# What you need to do:
Each line from the one containing "Swipe ➡️ to" through the end of the data is to be written out exactly, and nothing more.

# Given material:
-- Opening Marker --
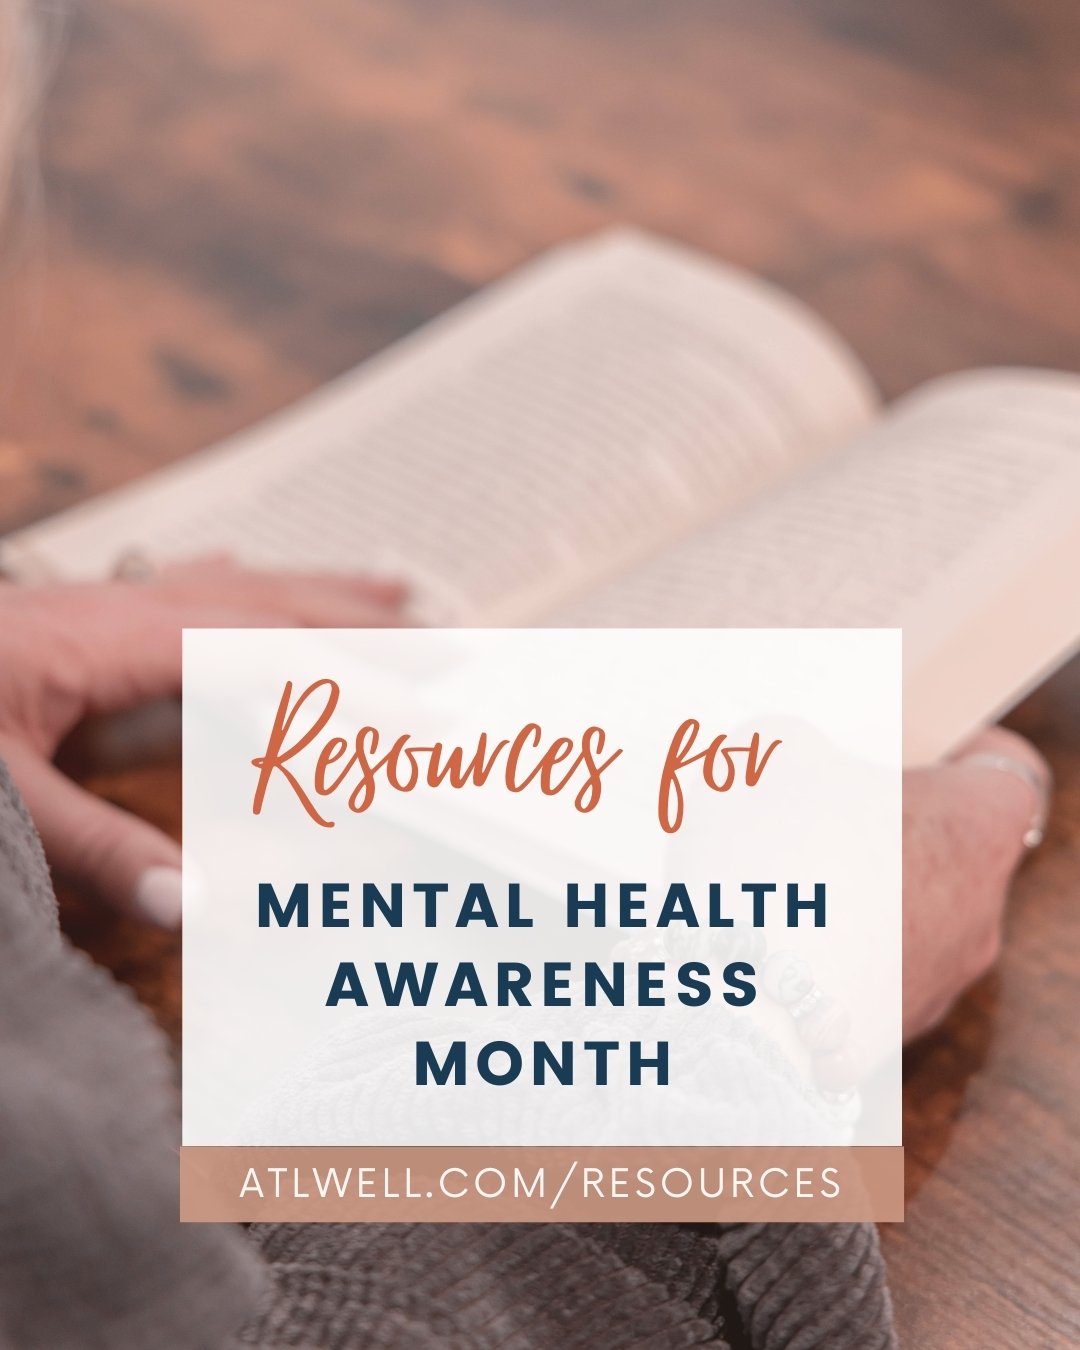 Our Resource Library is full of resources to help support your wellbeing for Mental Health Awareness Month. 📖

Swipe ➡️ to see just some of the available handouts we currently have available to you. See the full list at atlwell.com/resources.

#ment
-- Closing Marker --
# Output for this task:
Swipe ➡️ to see just some of the available handouts we currently have available to you. See the full list at atlwell.com/resources.

#ment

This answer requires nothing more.